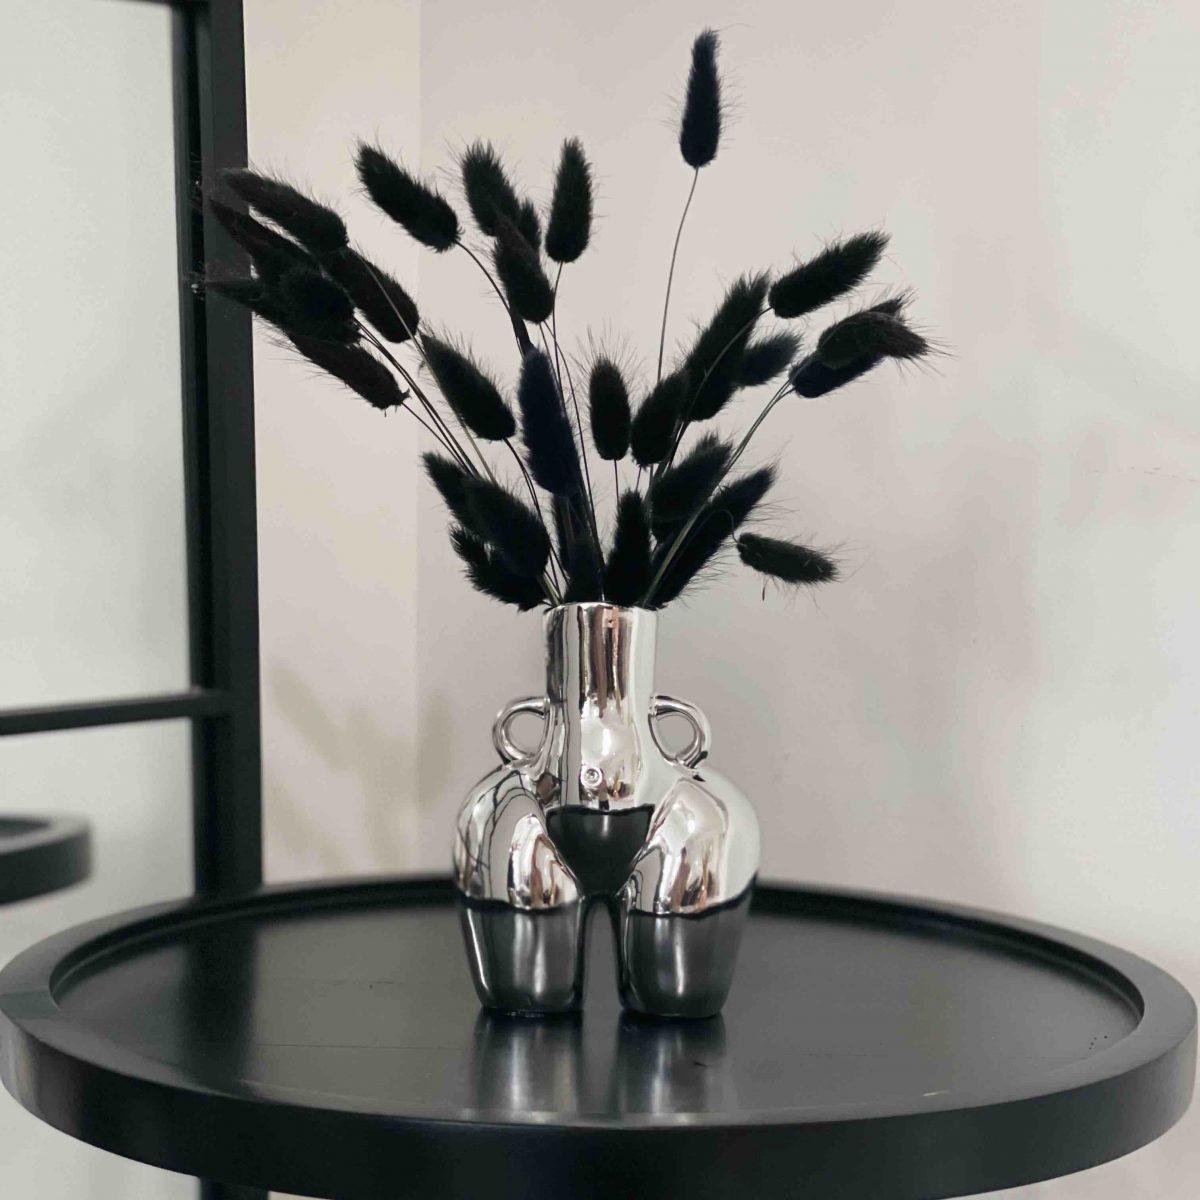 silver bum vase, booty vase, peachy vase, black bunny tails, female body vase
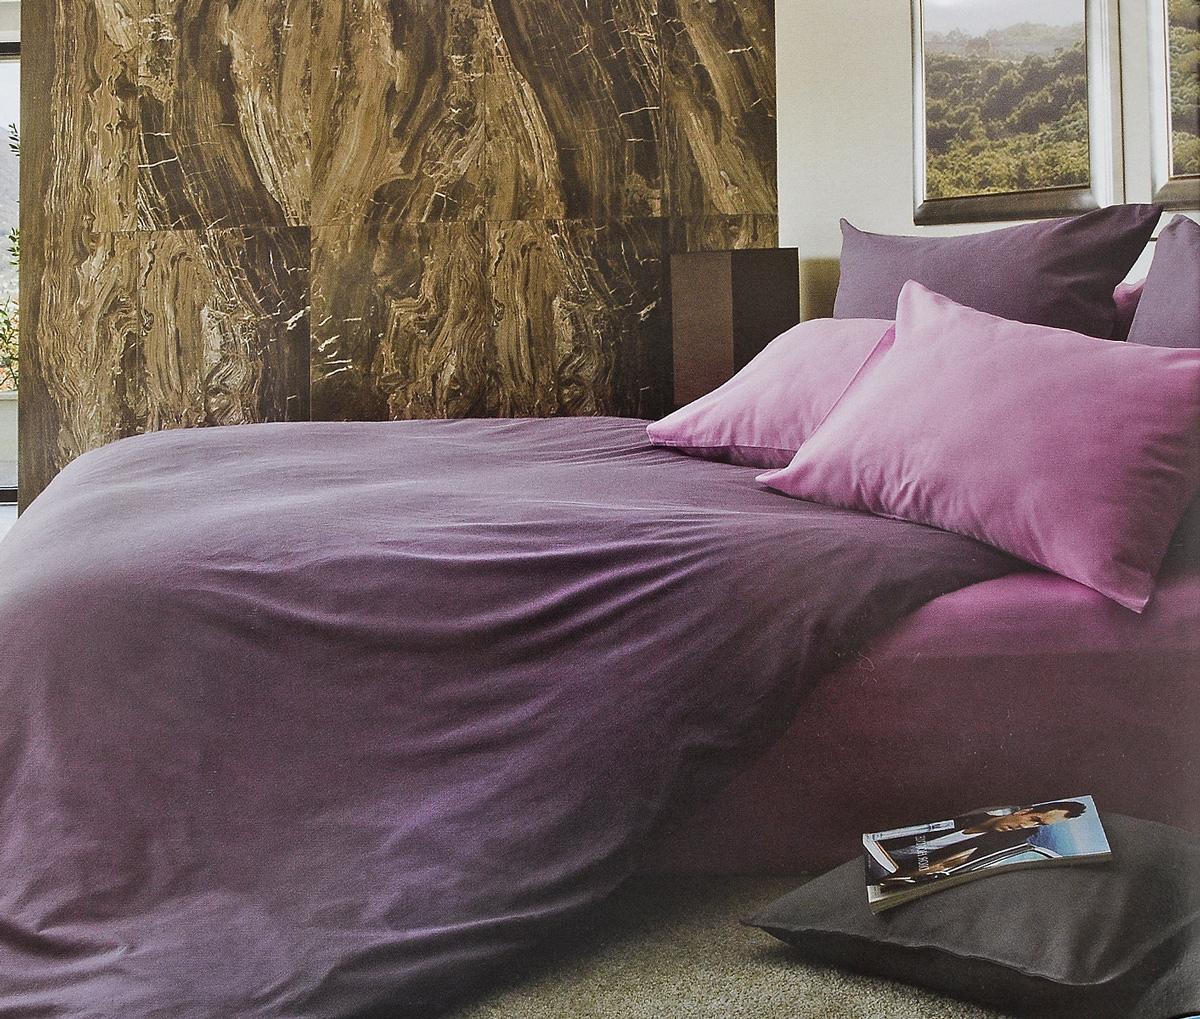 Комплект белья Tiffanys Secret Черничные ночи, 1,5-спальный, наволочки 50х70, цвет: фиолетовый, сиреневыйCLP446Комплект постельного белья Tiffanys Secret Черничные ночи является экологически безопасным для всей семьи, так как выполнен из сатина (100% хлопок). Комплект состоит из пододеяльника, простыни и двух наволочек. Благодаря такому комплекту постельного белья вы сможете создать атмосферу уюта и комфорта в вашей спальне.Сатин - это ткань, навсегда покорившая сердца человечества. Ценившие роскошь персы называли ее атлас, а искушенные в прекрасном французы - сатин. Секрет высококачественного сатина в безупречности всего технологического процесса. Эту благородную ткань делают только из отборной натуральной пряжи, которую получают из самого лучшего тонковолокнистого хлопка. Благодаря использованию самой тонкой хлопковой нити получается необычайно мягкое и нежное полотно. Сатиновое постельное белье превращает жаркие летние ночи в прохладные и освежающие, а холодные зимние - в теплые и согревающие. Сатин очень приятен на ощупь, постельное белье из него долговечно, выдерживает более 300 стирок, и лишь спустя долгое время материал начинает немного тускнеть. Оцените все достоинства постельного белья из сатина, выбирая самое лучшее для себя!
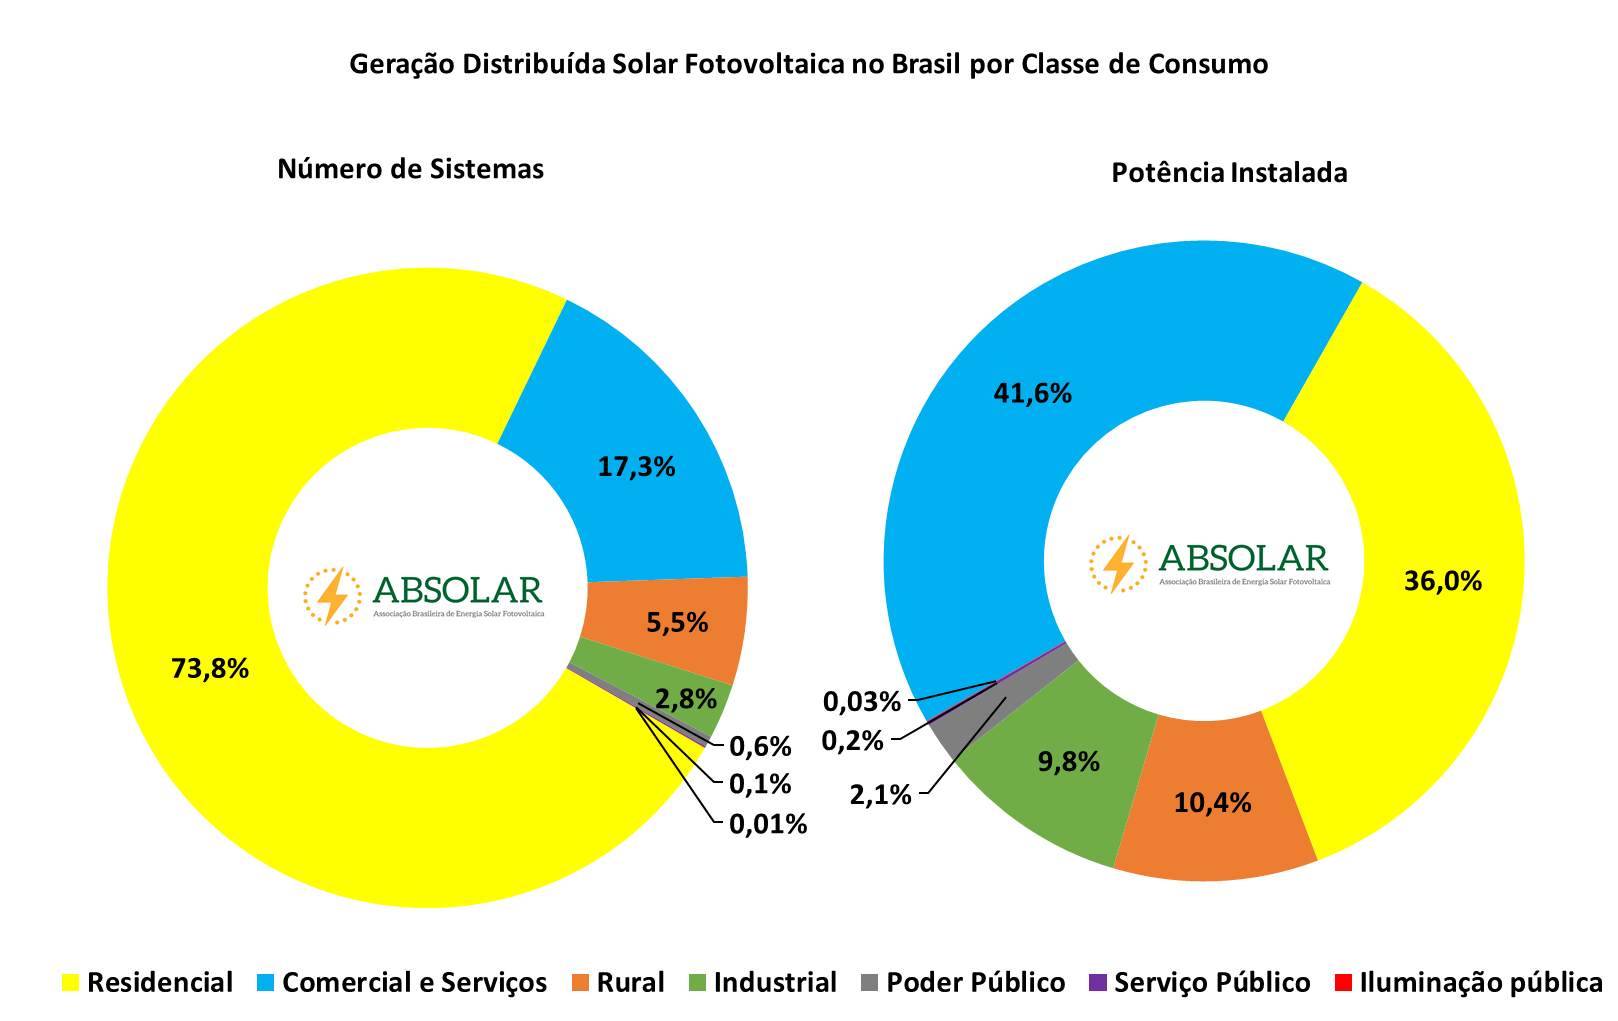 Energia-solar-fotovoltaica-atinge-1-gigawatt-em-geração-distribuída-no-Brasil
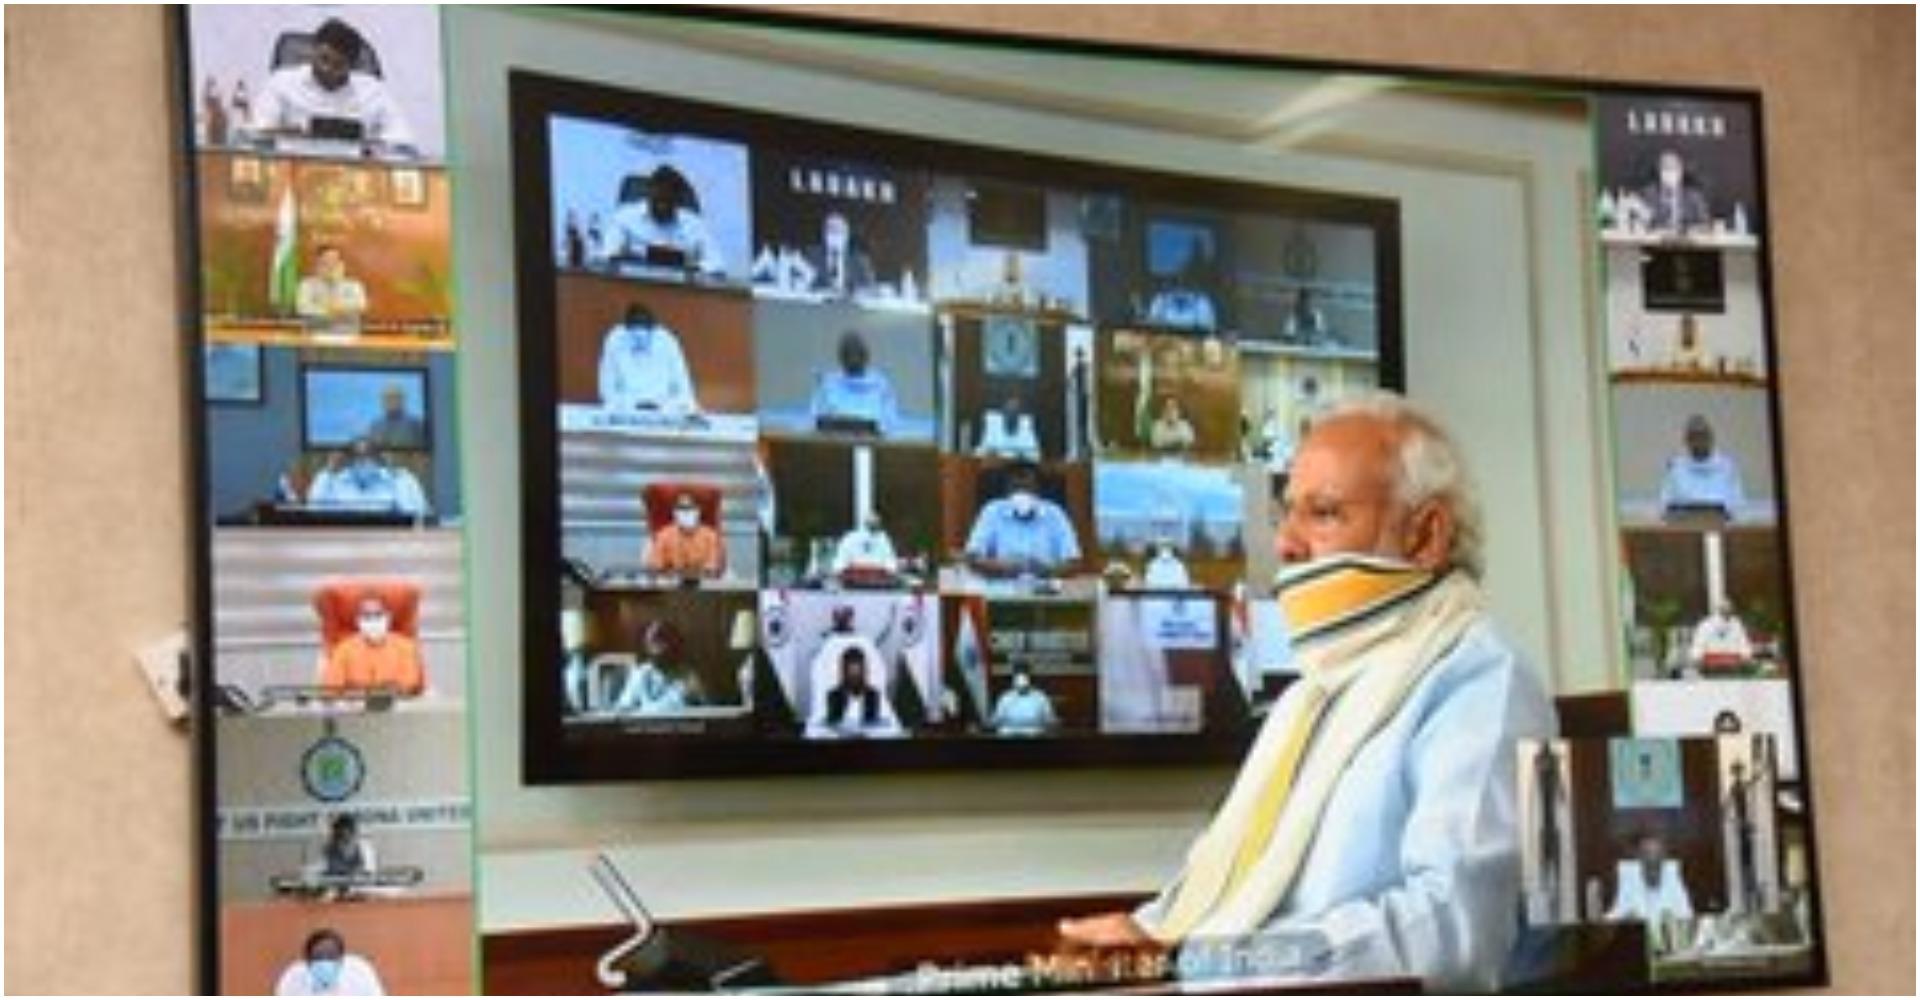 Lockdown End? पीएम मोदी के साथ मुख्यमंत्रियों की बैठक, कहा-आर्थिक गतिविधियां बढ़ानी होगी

### EXERCISE OBJECTIVE
Apart from the pictures, all of the data must be duplicated exactly as shown above.

### ANSWER FOR THIS EXERCISE
 silver bum vase, booty vase, peachy vase, black bunny tails, female body vase
 Комплект белья Tiffanys Secret Черничные ночи, 1,5-спальный, наволочки 50х70, цвет: фиолетовый, сиреневыйCLP446Комплект постельного белья Tiffanys Secret Черничные ночи является экологически безопасным для всей семьи, так как выполнен из сатина (100% хлопок). Комплект состоит из пододеяльника, простыни и двух наволочек. Благодаря такому комплекту постельного белья вы сможете создать атмосферу уюта и комфорта в вашей спальне.Сатин - это ткань, навсегда покорившая сердца человечества. Ценившие роскошь персы называли ее атлас, а искушенные в прекрасном французы - сатин. Секрет высококачественного сатина в безупречности всего технологического процесса. Эту благородную ткань делают только из отборной натуральной пряжи, которую получают из самого лучшего тонковолокнистого хлопка. Благодаря использованию самой тонкой хлопковой нити получается необычайно мягкое и нежное полотно. Сатиновое постельное белье превращает жаркие летние ночи в прохладные и освежающие, а холодные зимние - в теплые и согревающие. Сатин очень приятен на ощупь, постельное белье из него долговечно, выдерживает более 300 стирок, и лишь спустя долгое время материал начинает немного тускнеть. Оцените все достоинства постельного белья из сатина, выбирая самое лучшее для себя!
 Energia-solar-fotovoltaica-atinge-1-gigawatt-em-geração-distribuída-no-Brasil
 Lockdown End? पीएम मोदी के साथ मुख्यमंत्रियों की बैठक, कहा-आर्थिक गतिविधियां बढ़ानी होगी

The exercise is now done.